Как указано в протоколе, шаблон ДНК для ПЦР должен по умолчанию быть извлечен из чистых культур Y. ruckeri. В некоторых случаях, однако, образцы яичной жидкости, положительные для Y. ruckeri qPCR (Ct-values zlt; 27) были успешно MLVA набраны непосредственно, без предварительного культивирования, используя увеличенное количество геномной ДНК (извлеченной с коммерческим комплектом) в качестве шаблона. Хотя этот подход не был тщательно протестирован и не проверен, он указывает на потенциал этого анализа MLVA для изучения сложных биологических матриц, содержащих ДНК из целого ряда различных организмов в дополнение к Y. ruckeri.
Вся представленная здесь процедура ввода MLVA, от экстракции ДНК до эпизоотиологической оценки, может быть завершена за один рабочий день. Тем не менее, количество исследованных образцов находится в сублинейной связи со временем, необходимым для извлечения ДНК, ПЦР и CE, и поэтому метод является гораздо более эффективным временем при запуске нескольких образцов одновременно. Это, тем не менее, относится к большинству лабораторных методов, и в качестве инструмента для эпидемиологического субтипирования Y. ruckeri, сочетание высокого разрешения, простоты и портативности делает этот анализ MLVA выше ранее опубликованных протоколов4 ,5. Он также был использован для проверки ограниченной эпидемиологической значимости Y. ruckeri серотипирования14.
Благодаря комплексному исследованию популяции на основе MLVA с участием 484 Y. ruckeri изолятов, извлеченных из целого ряда пространственно-временное происхождение и места обитания (рыба-хозяин, окружающая среда и т.д.), наше понимание в отношении эпизоотиологии и населения структура этого важного патогена рыбы была существенно увеличена14. Типирование MLVA позволило отслеживать клонов, распространяемых антропогенно на протяжении десятилетий, предположительно путем транспортировки рыбы, а также идентификацию местных штаммов. Кроме того, в то время как некоторые клональные комплексы бактерии могут быть явно связаны с болезнями, в частности, с рыбой (радужная форель и атлантический лосось, соответственно), другие были восстановлены только из экологических источников и/или клинически незатронутых рыб Образцов.
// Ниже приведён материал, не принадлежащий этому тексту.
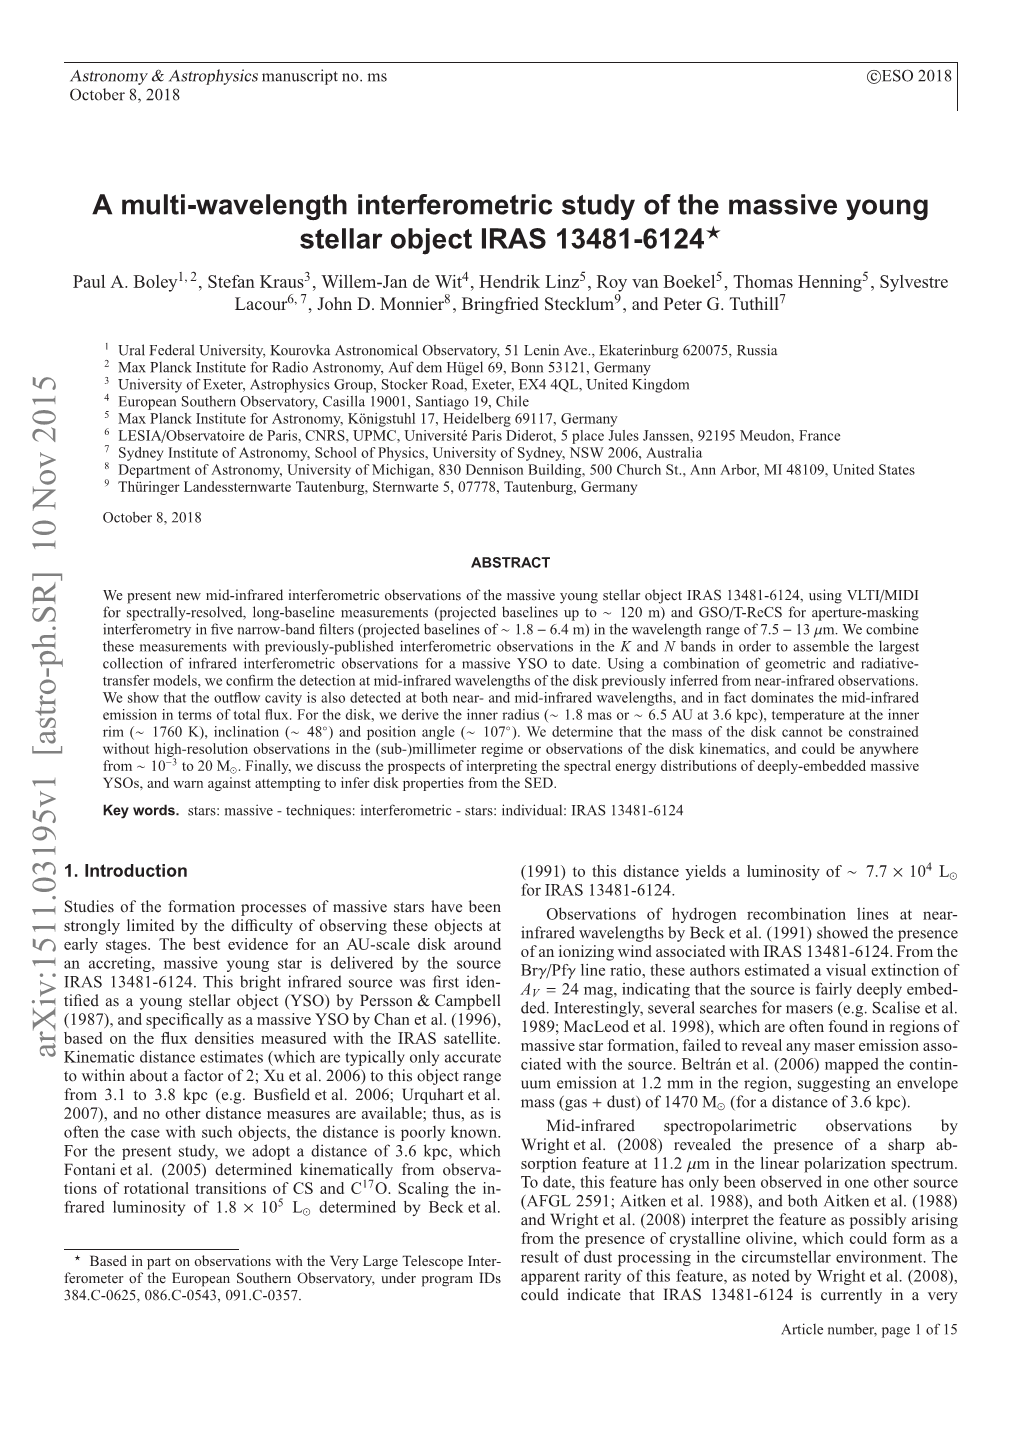 A Multi-Wavelength Interferometric Study of the Massive Young Stellar Object IRAS 13481-6124

Таким образом, применимость метода не ограничивается лишь отслеживанием инфекции, поскольку она может также предоставлять информацию, имеющих потенциальную значимость, например для разработки вакцин, оценки рисков и поддержания национальной биобезопасности. В настоящее время он активно используется в Норвежском ветеринарном институте в качестве инструмента для исследования диагнозов Y. ruckeri в норвежской аквакультуре.